You are here:  NZLII >> Databases >> High Court of New Zealand Decisions >> 2017 >> [2017] NZHC 2229

Database Search | Name Search | Recent Decisions | Noteup | LawCite | Download | Help

Hrabchak v Police [2017] NZHC 2229 (14 September 2017)

Last Updated: 29 November 2017


IN THE HIGH COURT OF NEW ZEALAND WHANGAREI REGISTRY

I TE KŌTI MATUA O AOTEAROA WHANGĀREI TERENGA PARĀOA ROHE




CRI-2017-488-28 [2017] NZHC 2229


BETWEEN
SHARON HRABCHAK
Appellant
AND
NEW ZEALAND POLICE Respondent



Hearing:
14 September 2017
Appearances:
Appellant in person
K J MacNeil for the Respondent
Judgment:
14 September 2017




ORAL JUDGMENT OF MUIR J

















Counsel/Solicitors:

K J MacNeil, Crown Solicitors, Whangarei

Copy to: Appellant









HRABCHAK v NEW ZEALAND POLICE [2017] NZHC 2229 [14 September 2017]



Introduction

[1] The appellant, Sharon Hrabchak, was convicted of one charge of wilful damage1 and one charge of trespass2 following a Judge-alone trial. The charges related to a single incident of entering her neighbour’s property, in respect of which she had previously been issued with a trespass notice, and damaging her neighbour’s air conditioning unit.
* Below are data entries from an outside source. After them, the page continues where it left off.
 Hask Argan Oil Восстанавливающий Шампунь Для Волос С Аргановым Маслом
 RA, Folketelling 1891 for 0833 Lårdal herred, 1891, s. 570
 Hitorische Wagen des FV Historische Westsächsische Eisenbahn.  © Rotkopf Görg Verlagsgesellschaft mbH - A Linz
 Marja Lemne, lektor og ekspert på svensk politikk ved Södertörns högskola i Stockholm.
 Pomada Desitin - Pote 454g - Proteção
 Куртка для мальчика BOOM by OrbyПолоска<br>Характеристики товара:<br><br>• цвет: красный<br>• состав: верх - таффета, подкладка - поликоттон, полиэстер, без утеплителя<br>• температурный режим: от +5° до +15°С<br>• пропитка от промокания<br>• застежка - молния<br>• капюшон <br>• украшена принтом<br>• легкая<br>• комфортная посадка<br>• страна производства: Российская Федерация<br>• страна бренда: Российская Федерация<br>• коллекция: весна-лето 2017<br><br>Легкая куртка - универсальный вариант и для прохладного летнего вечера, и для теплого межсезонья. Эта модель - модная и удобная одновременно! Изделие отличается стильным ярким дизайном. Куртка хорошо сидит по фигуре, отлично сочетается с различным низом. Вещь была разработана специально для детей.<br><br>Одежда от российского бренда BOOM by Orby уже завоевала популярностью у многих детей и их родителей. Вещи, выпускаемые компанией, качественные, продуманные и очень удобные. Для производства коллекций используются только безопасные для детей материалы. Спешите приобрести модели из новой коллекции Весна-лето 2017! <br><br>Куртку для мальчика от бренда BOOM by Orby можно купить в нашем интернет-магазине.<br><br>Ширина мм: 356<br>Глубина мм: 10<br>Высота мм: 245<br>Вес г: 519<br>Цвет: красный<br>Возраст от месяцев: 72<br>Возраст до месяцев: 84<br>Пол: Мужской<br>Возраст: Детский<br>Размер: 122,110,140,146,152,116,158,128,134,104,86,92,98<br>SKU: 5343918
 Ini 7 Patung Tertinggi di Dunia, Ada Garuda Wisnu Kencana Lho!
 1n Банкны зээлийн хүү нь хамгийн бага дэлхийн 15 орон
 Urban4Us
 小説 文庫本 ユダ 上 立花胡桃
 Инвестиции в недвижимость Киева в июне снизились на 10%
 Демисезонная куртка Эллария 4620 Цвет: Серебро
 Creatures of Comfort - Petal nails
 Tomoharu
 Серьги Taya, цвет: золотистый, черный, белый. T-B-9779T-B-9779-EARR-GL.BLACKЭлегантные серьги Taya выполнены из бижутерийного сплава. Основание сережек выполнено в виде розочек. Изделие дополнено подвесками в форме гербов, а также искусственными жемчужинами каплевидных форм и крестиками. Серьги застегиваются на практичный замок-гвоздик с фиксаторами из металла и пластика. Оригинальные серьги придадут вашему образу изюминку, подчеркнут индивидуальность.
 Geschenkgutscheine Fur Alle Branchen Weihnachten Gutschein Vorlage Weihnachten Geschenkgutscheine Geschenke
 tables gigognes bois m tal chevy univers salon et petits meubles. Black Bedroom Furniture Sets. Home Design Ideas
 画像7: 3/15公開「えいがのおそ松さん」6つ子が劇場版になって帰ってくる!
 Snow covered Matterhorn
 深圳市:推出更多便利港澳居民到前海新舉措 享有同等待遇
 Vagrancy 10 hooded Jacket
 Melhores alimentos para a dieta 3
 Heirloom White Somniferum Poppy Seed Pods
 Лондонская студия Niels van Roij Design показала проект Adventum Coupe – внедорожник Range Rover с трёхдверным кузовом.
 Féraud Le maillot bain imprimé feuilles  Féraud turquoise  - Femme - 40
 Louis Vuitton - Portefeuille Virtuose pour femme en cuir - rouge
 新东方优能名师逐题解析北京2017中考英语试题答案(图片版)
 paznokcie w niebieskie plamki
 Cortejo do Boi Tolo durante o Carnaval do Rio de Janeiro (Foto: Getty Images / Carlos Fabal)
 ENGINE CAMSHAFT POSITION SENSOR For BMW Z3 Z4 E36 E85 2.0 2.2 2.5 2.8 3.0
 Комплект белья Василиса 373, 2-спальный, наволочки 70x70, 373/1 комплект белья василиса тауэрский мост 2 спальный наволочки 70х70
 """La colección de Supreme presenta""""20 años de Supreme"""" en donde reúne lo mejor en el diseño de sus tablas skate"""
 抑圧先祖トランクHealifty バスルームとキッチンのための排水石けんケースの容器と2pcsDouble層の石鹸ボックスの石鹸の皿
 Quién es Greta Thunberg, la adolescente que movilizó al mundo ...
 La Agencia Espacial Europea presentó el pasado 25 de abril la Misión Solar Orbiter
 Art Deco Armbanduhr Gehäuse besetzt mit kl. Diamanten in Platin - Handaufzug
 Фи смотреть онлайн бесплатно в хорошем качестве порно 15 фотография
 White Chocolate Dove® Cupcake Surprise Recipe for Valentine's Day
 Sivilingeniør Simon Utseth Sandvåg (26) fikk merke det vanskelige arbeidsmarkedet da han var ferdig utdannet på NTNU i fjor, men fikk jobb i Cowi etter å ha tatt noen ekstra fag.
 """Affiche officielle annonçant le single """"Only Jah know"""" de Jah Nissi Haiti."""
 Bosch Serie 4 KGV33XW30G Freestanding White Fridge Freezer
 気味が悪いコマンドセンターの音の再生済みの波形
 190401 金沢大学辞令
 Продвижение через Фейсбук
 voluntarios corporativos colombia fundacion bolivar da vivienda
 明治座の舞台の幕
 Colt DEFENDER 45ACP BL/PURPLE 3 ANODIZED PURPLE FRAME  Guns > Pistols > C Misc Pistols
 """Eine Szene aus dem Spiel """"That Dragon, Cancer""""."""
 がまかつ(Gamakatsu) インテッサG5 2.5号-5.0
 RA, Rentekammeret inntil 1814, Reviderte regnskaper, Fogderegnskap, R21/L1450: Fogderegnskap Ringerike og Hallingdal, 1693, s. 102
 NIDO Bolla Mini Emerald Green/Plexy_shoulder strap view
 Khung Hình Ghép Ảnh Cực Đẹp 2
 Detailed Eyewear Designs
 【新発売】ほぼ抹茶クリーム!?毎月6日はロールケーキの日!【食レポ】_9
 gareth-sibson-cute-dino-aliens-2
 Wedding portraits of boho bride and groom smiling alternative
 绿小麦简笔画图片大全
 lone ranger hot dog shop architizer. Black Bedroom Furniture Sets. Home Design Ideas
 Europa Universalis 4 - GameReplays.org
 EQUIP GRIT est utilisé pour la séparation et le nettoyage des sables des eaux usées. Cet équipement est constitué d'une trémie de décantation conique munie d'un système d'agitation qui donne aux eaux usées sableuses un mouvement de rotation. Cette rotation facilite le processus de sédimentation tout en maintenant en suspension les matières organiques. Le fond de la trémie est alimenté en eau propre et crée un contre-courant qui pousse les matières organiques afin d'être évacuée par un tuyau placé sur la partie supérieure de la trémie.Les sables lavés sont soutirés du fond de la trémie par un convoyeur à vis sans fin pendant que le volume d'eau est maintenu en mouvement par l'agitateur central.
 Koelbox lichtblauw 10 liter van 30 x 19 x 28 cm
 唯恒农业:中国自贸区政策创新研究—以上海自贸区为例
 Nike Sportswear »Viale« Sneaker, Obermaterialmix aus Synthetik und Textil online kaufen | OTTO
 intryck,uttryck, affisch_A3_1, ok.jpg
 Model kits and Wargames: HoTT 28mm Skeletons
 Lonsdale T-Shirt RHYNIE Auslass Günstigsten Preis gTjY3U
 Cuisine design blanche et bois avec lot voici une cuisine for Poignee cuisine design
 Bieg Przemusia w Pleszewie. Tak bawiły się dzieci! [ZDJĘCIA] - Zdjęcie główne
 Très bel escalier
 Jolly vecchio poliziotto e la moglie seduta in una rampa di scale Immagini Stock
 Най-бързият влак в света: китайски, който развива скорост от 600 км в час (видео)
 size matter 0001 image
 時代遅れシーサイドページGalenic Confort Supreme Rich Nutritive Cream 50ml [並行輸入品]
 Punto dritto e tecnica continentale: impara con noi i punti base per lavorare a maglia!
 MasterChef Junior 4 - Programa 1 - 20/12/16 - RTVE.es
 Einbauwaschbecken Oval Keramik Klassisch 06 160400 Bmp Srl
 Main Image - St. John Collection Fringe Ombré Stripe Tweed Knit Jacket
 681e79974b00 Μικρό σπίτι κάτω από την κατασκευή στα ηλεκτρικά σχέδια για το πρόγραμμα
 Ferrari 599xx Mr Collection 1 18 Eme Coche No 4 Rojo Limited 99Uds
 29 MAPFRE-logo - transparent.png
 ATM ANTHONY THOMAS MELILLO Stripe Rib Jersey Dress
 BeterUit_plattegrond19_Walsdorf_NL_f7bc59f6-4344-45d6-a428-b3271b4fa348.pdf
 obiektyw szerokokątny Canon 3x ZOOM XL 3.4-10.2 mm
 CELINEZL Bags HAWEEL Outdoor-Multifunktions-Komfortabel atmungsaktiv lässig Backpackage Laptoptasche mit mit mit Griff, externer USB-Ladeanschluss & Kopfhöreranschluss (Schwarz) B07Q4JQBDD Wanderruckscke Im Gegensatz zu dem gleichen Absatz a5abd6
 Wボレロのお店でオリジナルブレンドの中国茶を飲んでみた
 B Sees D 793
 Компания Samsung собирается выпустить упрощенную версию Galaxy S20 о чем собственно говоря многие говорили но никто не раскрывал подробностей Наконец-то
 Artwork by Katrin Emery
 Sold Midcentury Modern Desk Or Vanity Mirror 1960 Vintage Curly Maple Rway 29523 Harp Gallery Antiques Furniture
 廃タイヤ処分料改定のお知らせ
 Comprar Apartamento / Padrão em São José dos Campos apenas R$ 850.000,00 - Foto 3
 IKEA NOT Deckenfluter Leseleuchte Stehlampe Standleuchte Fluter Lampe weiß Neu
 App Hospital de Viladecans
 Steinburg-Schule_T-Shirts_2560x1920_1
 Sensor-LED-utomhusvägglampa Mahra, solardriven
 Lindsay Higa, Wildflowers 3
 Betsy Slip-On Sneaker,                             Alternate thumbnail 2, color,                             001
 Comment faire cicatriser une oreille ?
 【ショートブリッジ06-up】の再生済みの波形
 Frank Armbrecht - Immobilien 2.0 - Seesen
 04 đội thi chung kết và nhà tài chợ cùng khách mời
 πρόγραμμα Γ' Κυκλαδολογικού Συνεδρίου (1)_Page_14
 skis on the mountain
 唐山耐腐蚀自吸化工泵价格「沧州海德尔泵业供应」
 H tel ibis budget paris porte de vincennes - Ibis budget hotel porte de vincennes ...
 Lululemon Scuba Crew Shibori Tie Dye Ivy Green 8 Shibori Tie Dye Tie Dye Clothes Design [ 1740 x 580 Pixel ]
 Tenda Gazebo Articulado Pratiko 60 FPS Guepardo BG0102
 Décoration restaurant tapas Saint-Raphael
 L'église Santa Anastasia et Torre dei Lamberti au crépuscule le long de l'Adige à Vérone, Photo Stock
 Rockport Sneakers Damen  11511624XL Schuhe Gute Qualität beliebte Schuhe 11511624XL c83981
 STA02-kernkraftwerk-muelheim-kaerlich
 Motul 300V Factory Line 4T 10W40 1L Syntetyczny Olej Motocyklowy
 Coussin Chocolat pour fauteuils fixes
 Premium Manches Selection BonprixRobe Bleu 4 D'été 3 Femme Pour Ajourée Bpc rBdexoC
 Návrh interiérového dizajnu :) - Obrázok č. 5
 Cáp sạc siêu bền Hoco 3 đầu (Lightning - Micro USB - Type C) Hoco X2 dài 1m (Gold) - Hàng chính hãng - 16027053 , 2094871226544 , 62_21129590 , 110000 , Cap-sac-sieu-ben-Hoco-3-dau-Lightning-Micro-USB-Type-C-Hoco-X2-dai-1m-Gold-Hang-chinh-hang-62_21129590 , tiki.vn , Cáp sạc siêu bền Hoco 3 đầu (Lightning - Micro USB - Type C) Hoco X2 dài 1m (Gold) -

[2] On the wilful damage charge she was ordered to pay reparation of $250 to her neighbour and $2,350 to her neighbour’s insurer. In respect of the trespass charge, she was convicted and discharged.

[3] Ms Hrabchak now appeals against the convictions and sentence. She was self- represented at trial and remains self-represented on the appeal.

Background

The offending

[4] Ms Hrabchak resides at 37A Montgomery Avenue in Onerahi, Whangarei. The complainant, Penelope Paru, is her neighbour, residing at 37 Montgomery Avenue.

37A Montgomery Avenue is Ms Hrabchak’s own home, having formerly sold her property in Auckland and moved to the Whangarei District.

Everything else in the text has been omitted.